# EXERCISE BRIEF
The answer should hold only the lines from the one containing "Ducati 848 Bike" through the one containing "Taz Publishing Co." in the entries below, copied exactly, without pictures.

# EXERCISE INPUTS
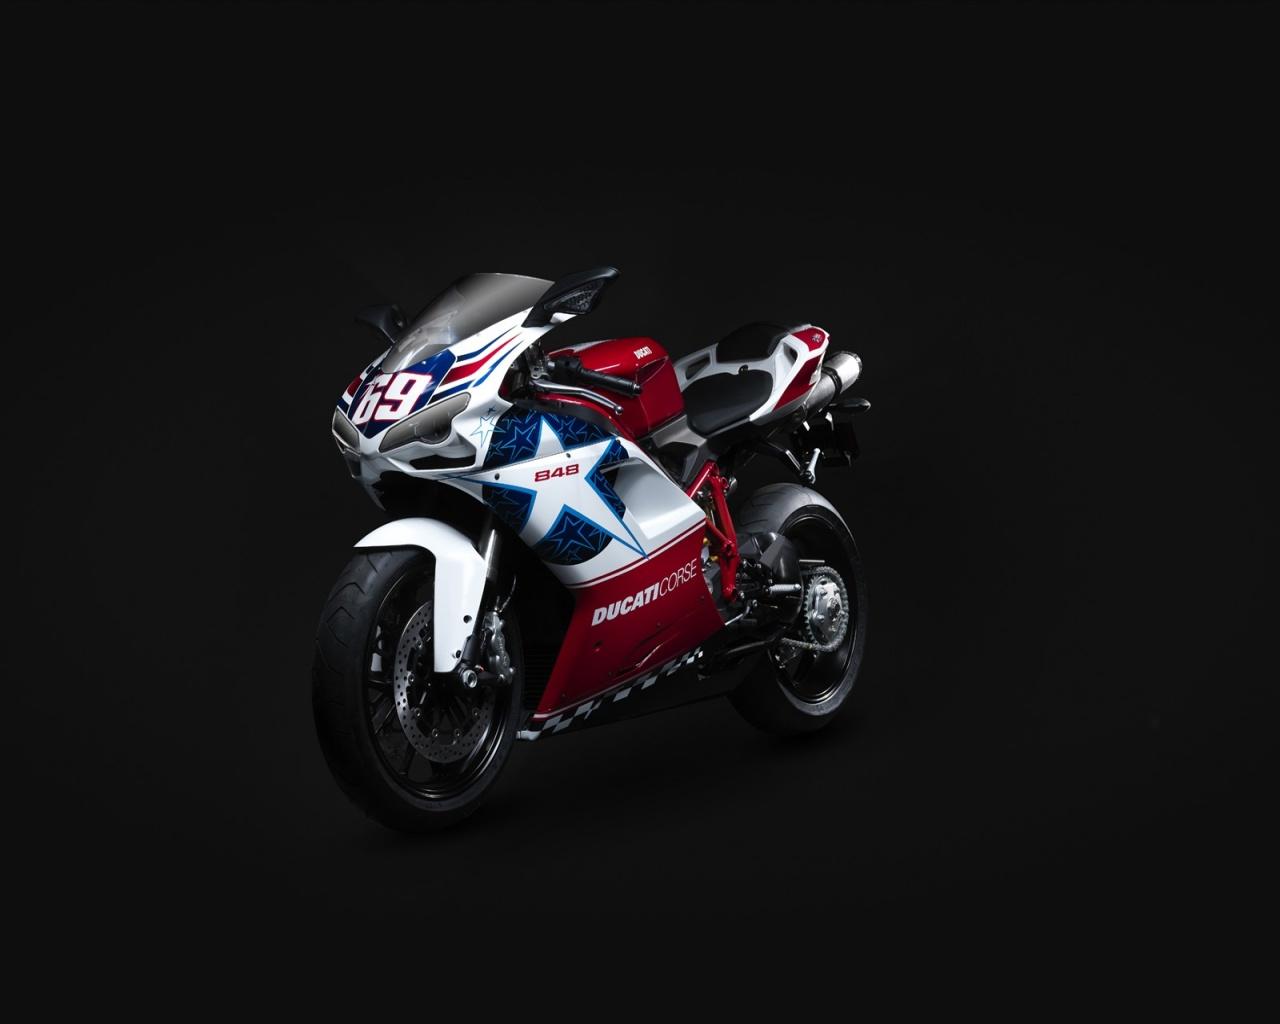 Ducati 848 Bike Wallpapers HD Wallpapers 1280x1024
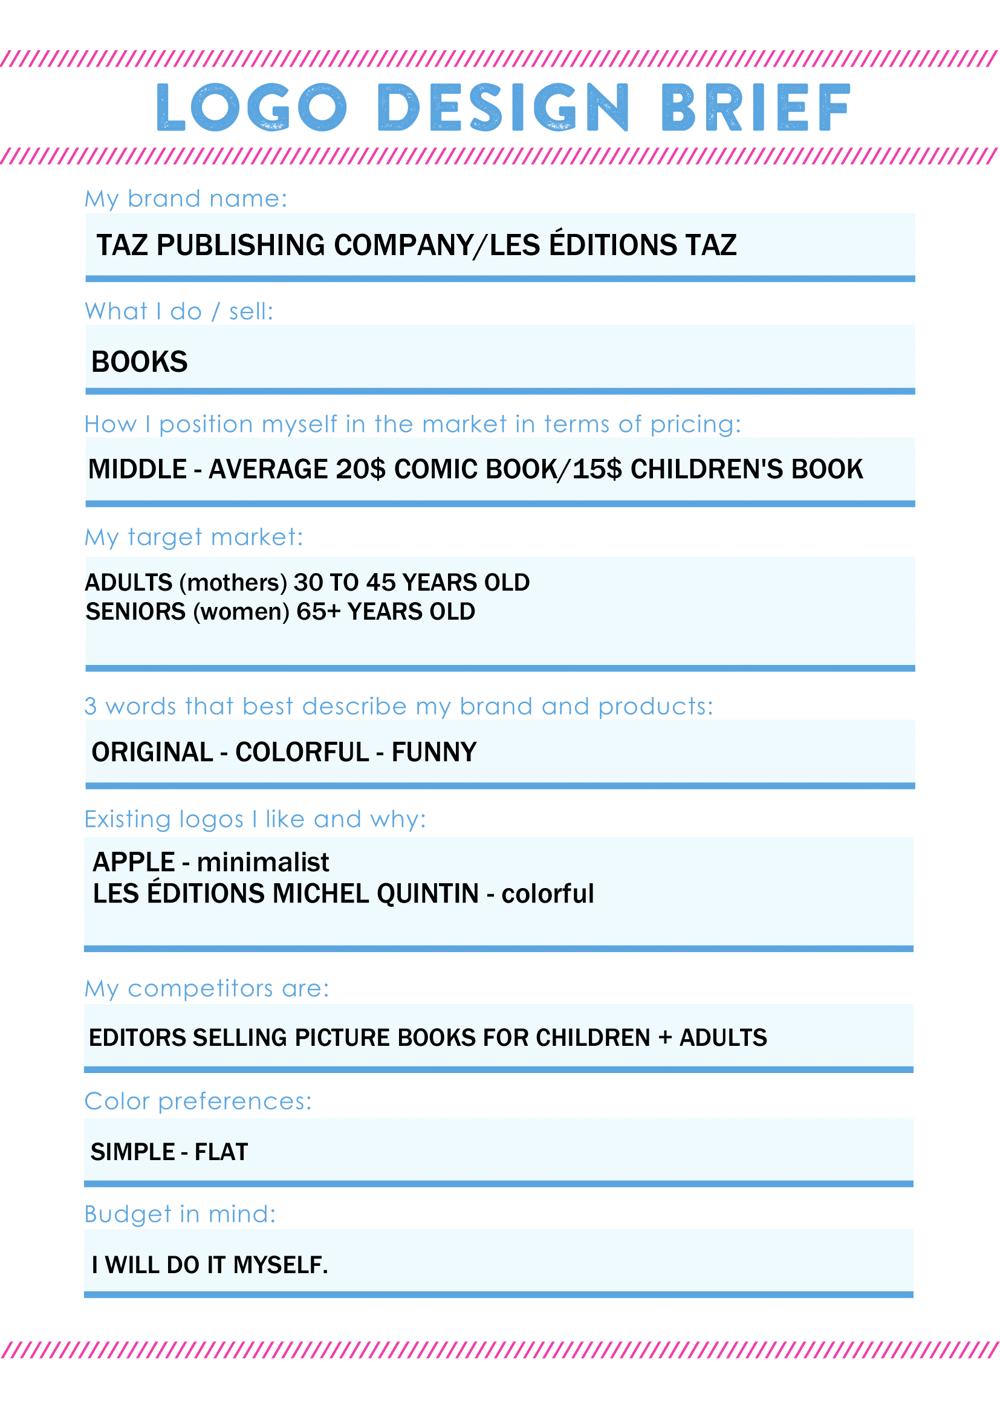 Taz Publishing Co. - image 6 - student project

==

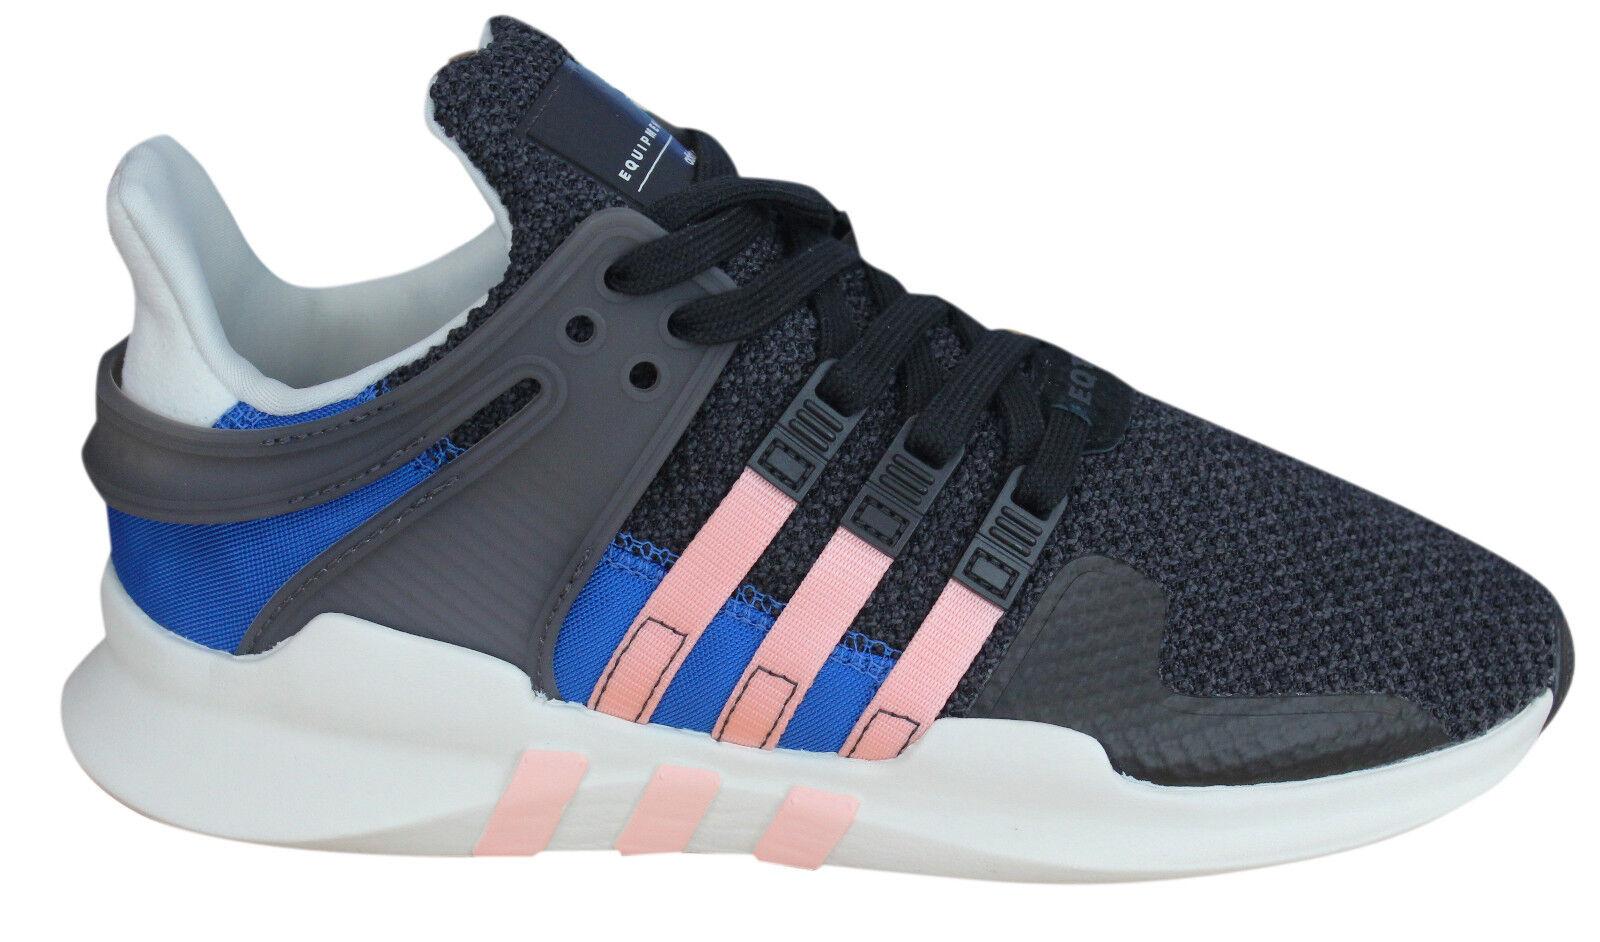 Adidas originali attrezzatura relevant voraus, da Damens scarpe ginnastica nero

==

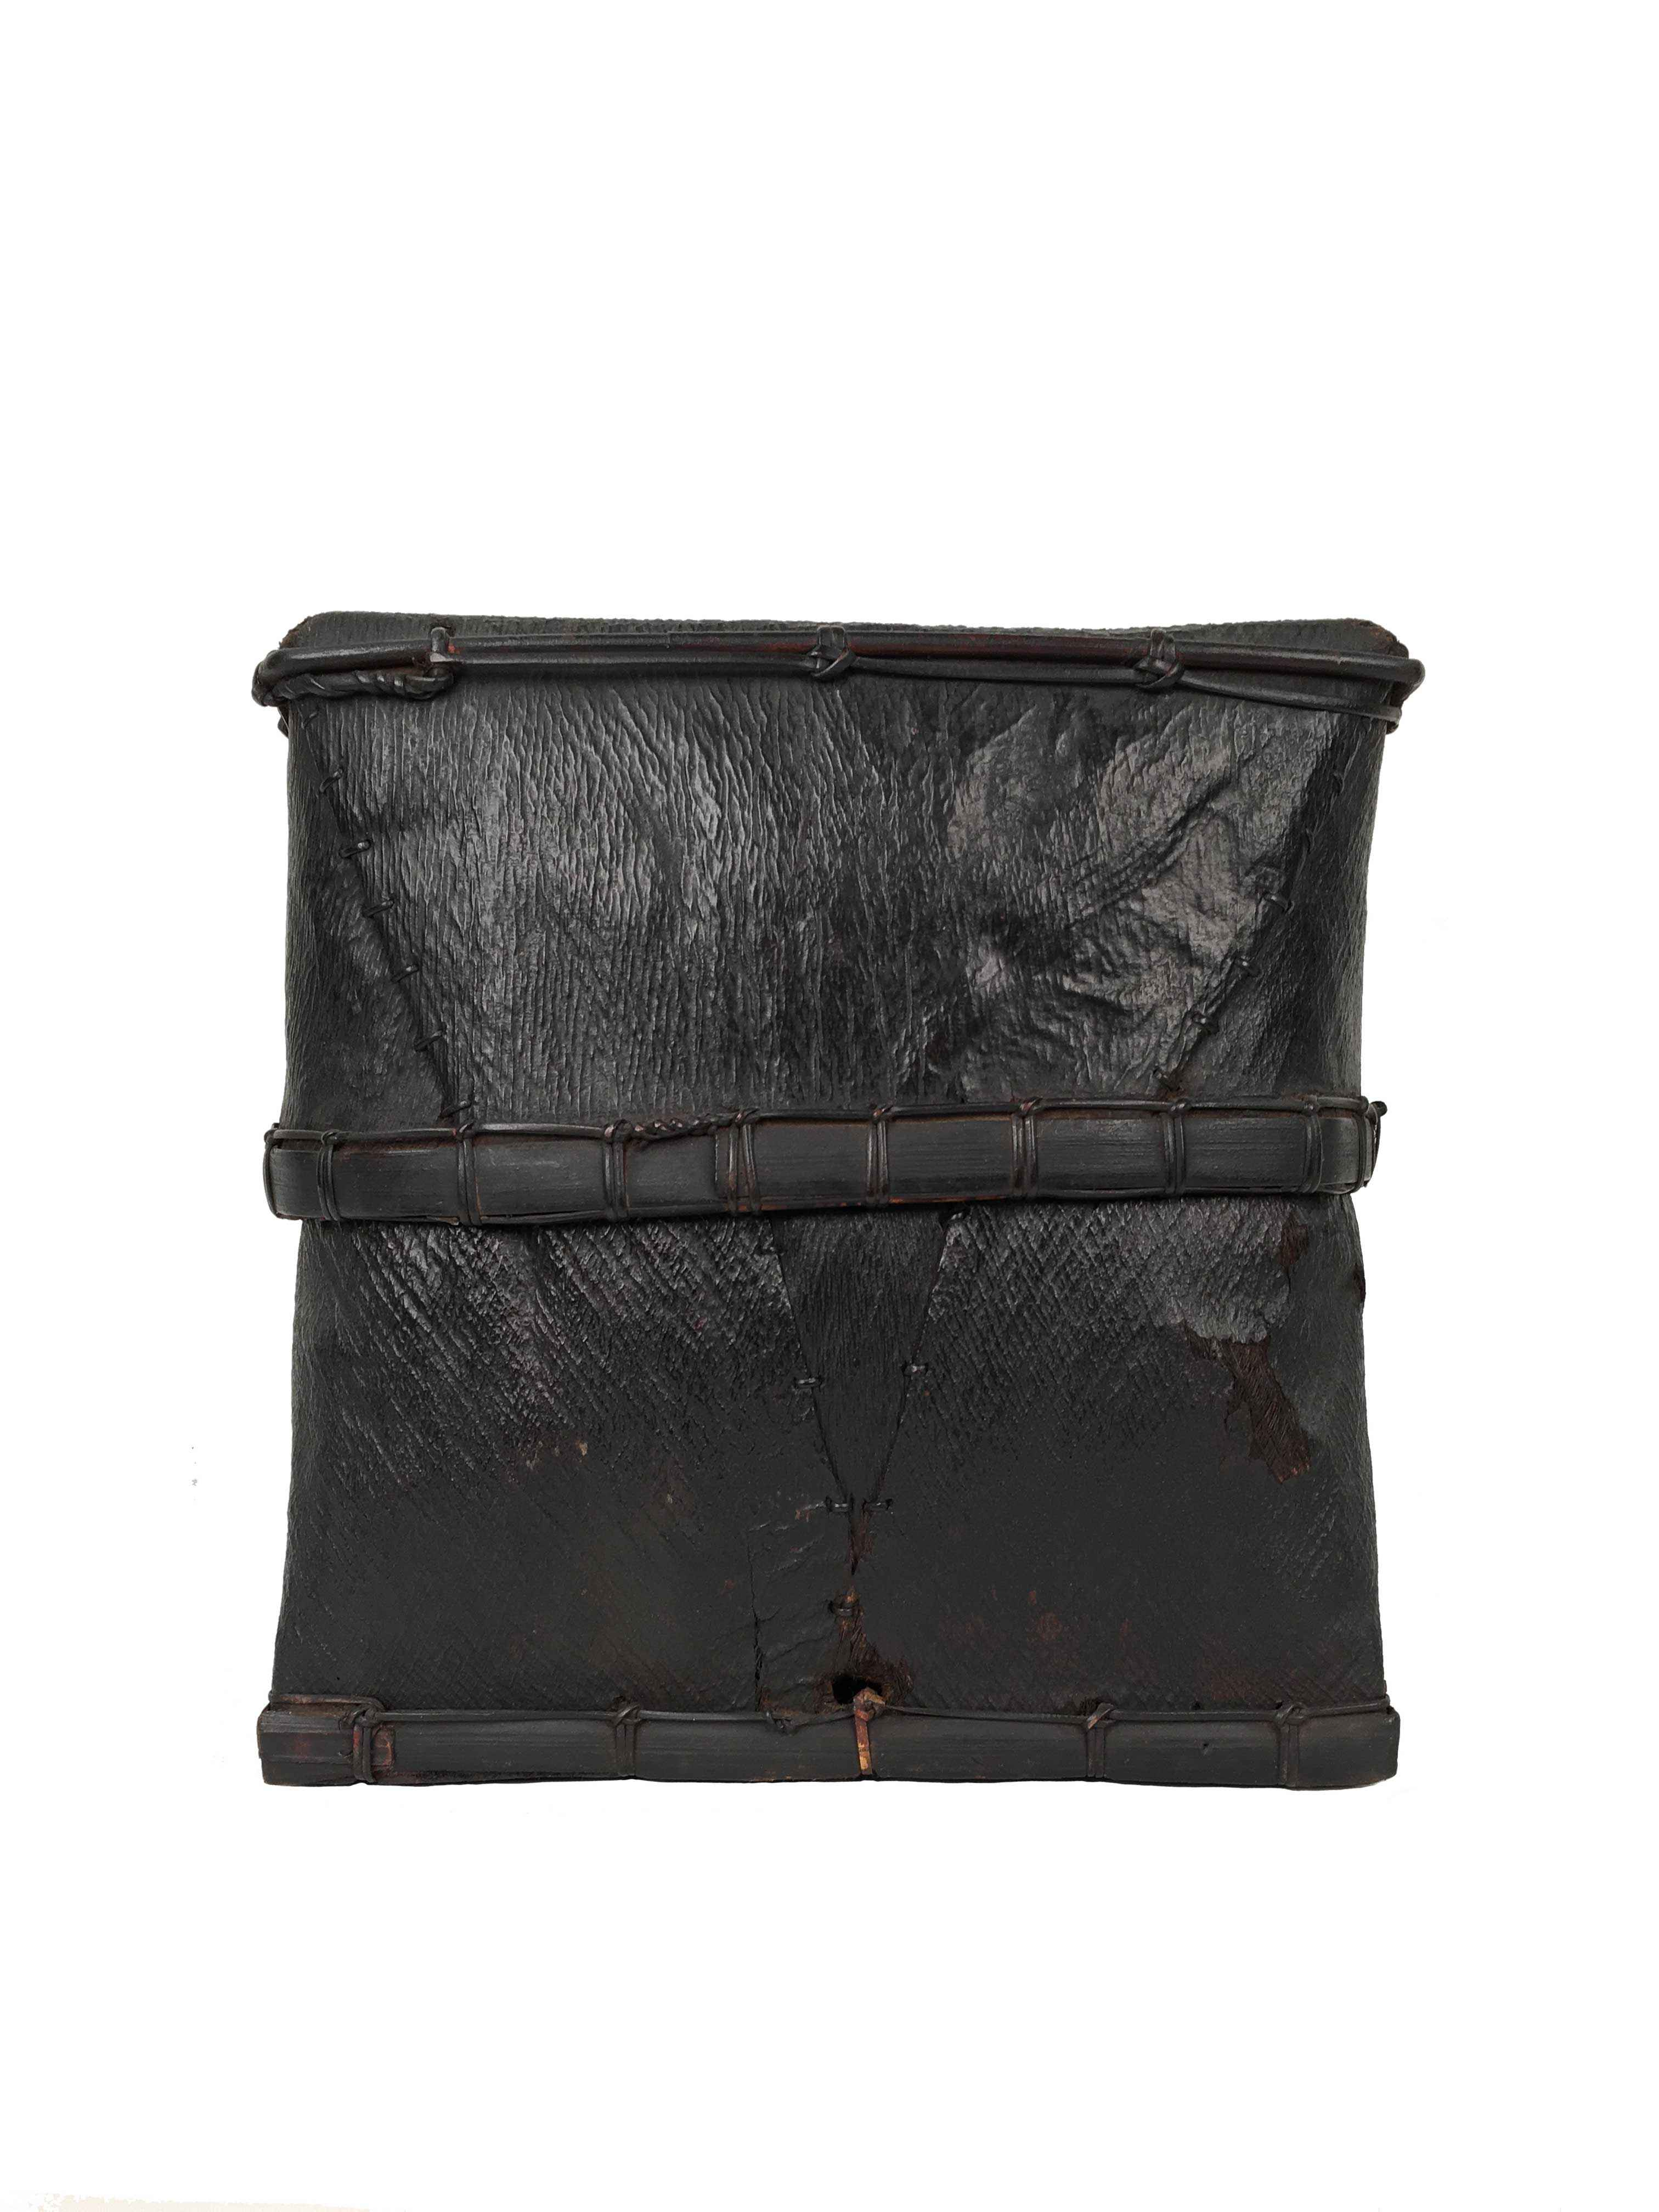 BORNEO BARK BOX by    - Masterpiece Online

# SOLUTION TO THE EXERCISE
 Ducati 848 Bike Wallpapers HD Wallpapers 1280x1024
 Taz Publishing Co. - image 6 - student project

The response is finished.